Steamed Rice (1 Cup, Cooked) and Chicken with Gravy (Mixture) (0.5 Chicken Breast With Gravy)
Lunch
139 mg/dL
avg. peak value
Usually causes a medium spike
Avg. Food Score on Ultrahuman App
Ultrahuman Users got an UNSTABLE response
How to consume Chicken With Gravy (Mixture), Steamed Rice without glucose spikes
Portion Control
Reduce the portion size of both the chicken with gravy and the steamed rice. Smaller portions will help minimize the glucose spike.
Increase Fiber Intake
Add a side of non-starchy vegetables like broccoli, spinach, or leafy greens to your meal. These foods are high in fiber and can help slow down glucose absorption.
Choose Whole Grains
Swap steamed rice for whole grain alternatives such as quinoa or barley. These options typically have a slower impact on blood sugar levels.
Incorporate Healthy Fats
Add a small amount of healthy fats like avocado or nuts to your meal. Healthy fats can help slow digestion and the release of glucose into the bloodstream.
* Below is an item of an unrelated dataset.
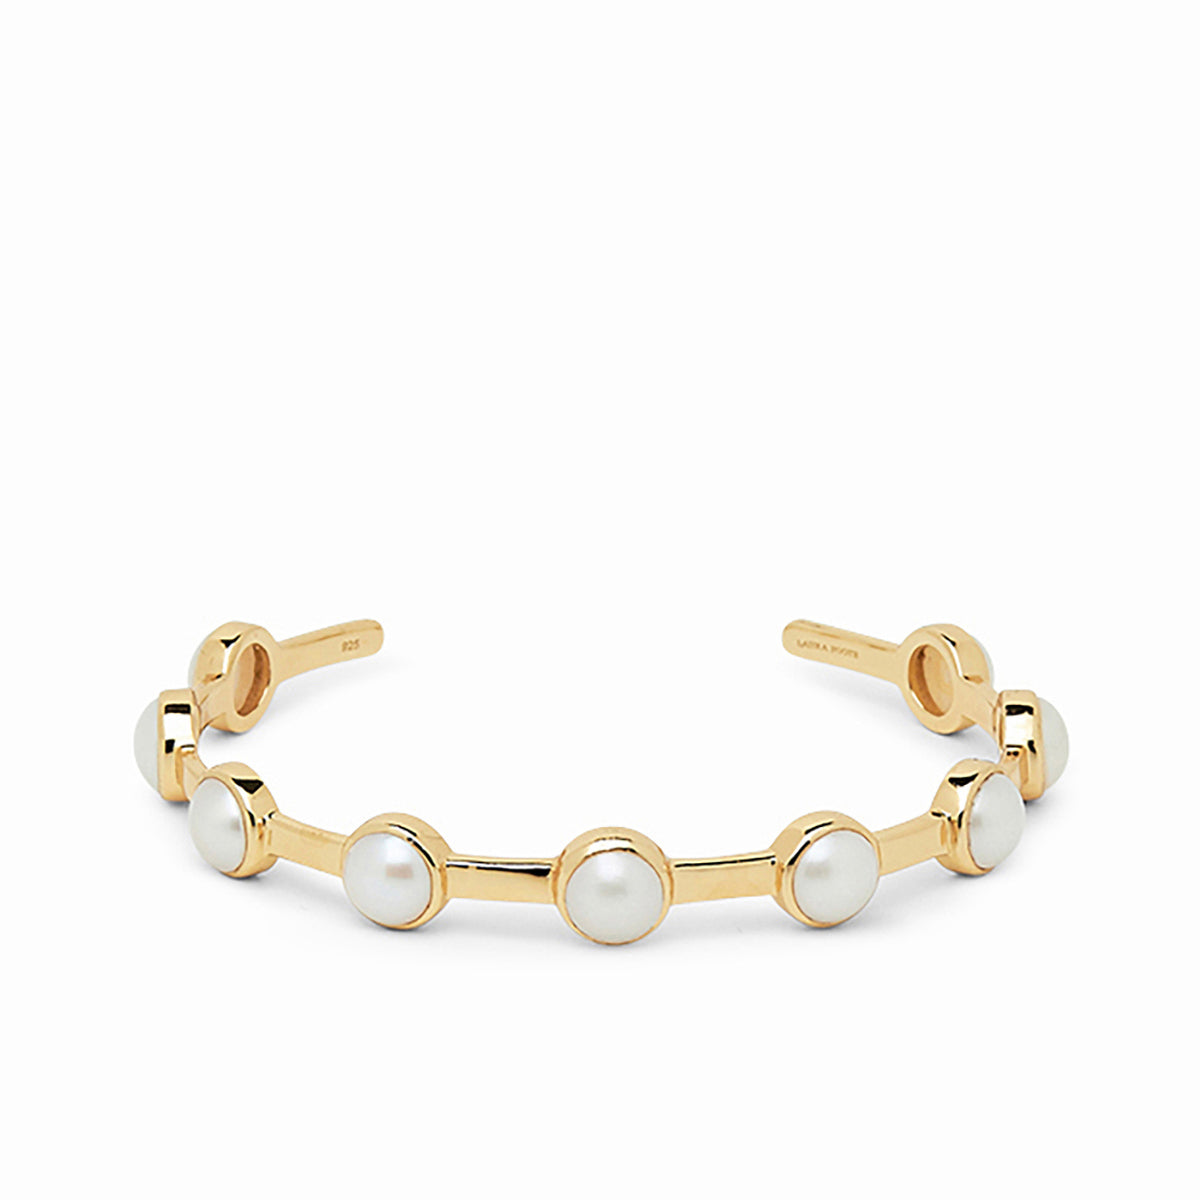 MANILAI Alloy Statement On The Cuff Bracelet Bangle For Women Chunky Big  Braces In Gold Color Fashion Jewelry Accessory 231116 From Shanye08, $8.57  | DHgate.Com

Opt for a Vinegar-based Dressing
If possible, include a salad with a vinegar-based dressing. Vinegar can help moderate blood sugar spikes.
Eat Proteins First
Start your meal with a bite of the chicken or any other protein-rich food. Eating protein first can help slow the rise in blood sugar that follows the consumption of carbohydrates.
Stay Hydrated
Drink plenty of water throughout the meal. Staying hydrated can aid in the digestion process and help maintain stable blood sugar levels.
Mindful Eating
Eat slowly and savor your food. This can help with digestion and give your body time to regulate blood sugar levels more effectively.
Snack on Low-Carb Options
If you need a snack before or after your meal, choose low-carb options like cheese, a handful of nuts, or yogurt with no added sugar.
Regular Physical Activity
Engage in moderate physical activity after your meal, like a short walk, to help your body utilize glucose more efficiently.